In the UK and in many other healthcare systems in the world, increasingly it seems that if something can’t be quantified- in pounds, dollars or whatever the local currency is- then it doesn’t matter. In making their calculations of cost-effectiveness economists do of course attempt to acknowledge the value people place on life itself. QALYS- Quality Adjusted Life Years- are perhaps the best known example of how this is done. Looking at the different ways in which NICE evaluated treatment to prevent blindness versus treatment to prolong the life of a cancer patient, it’s difficult however to avoid the conclusion that the only argument that appears to carry any real weight is one which involves cost savings.

Sadly, none of this surprises or even shocks me any more. But what does disturb me is the rapid shift in how the nature of these funding decisions is framed within the mainstream media. The media coverage is of course aggressively shaped by press releases from both NICE and interested parties such as doctors organisations and patient groups and charities. The focus on cost-benefit analyses accurately reflects the basis on which NICE functions. Adopting this focus may, for the moment, provide strategic advantage to certain groups, campaigning and arguing for access to treatments. But if, as a consequence of adopting the only language NICE seems to understand, the stories and the voices of patients and families are lost, then what hope will there be for those who find themselves no longer able to contribute wealth or save society money? Are we all to be reduced to economic units, replaceable, interchangeable, expendable?

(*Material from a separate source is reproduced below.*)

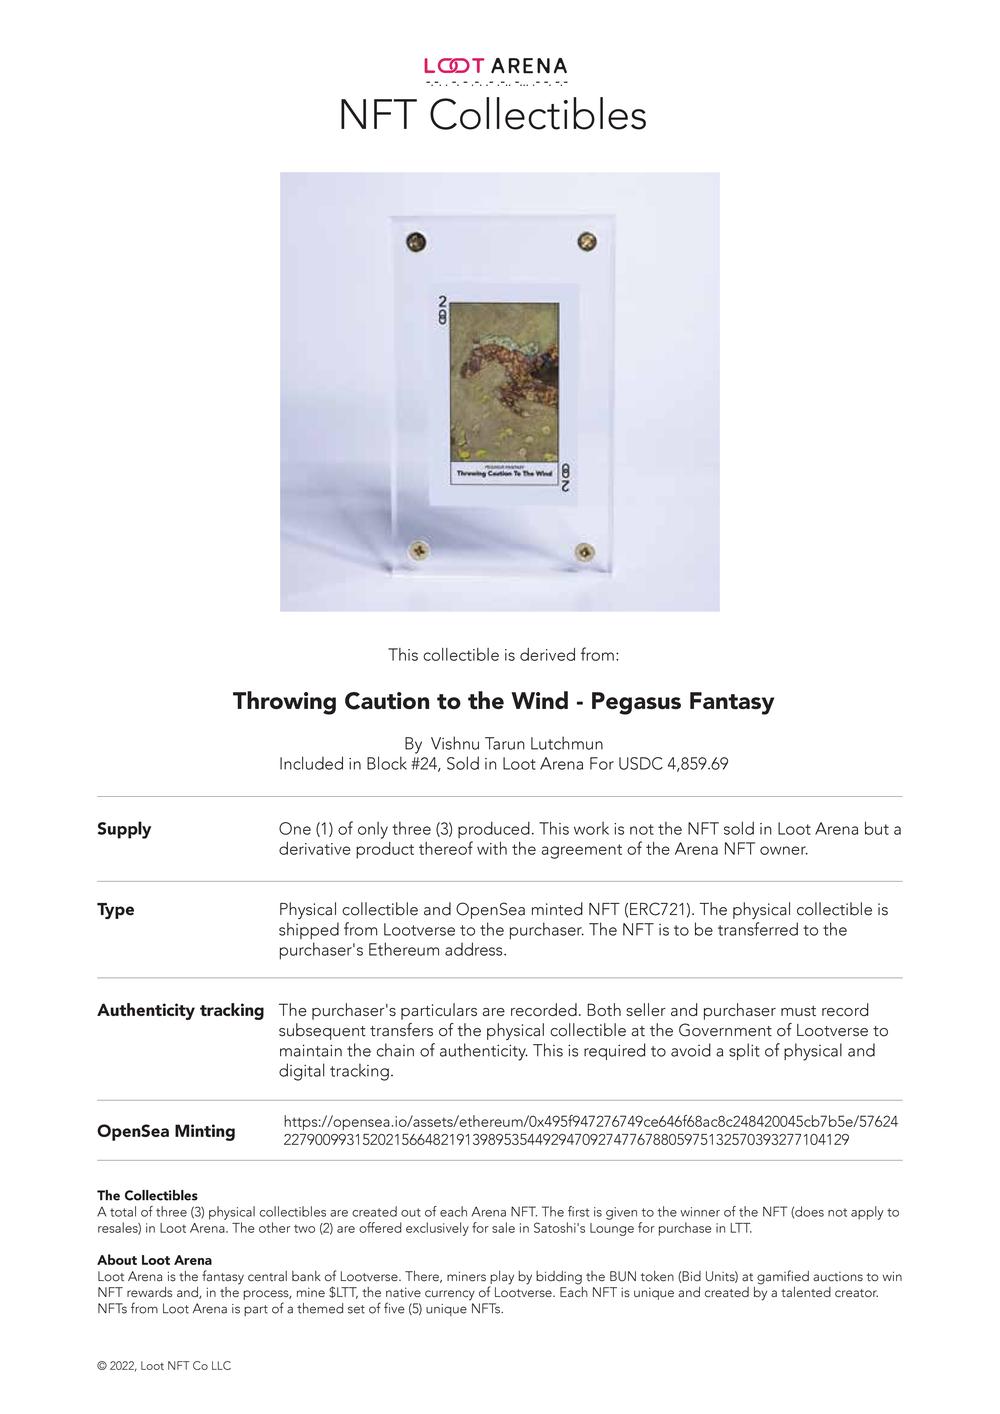 Throwing Caution to the Wind_#1 Collectible_Contract.pdf

Which brings me to my second example. A case study if you will. Consider an elderly woman, already very physically dependent on others, whose only pleasure in life is to read. She develops wet macular degeneration. Giving her the drug to stop her going blind will be expensive. Since she already requires round the clock nursing home care there will be no additional cost if she were to become blind. It is not cost-effective- per the NICE model- to treat her but it is effective and of immense value to her.

Thankfully she will get the treatment. The NICE guidelines don’t require individual cost savings to be calculated before prescribing can begin. Not in this case at least. But one day, sooner rather than later, there will be another situation, another case, another person, where no cost savings will be found to justify (by NICE’s criteria) the approval of a treatment, no matter how valuable the effects of the treatment are to the individuals involved.

Ask yourself this: how easy will it be, is it now, for the old/ dependent/ mentally unwell to articulate their concerns and have their voices heard. Of course money matters. Of course managing it wisely is an important indeed essential part of optimising health and well-being. Nevertheless it remains as important as ever not to lose sight of the fact- no pun intended- that not everything that matters can be counted in hard currency. Which is why those stories need to keep being told and those voices need to be heard.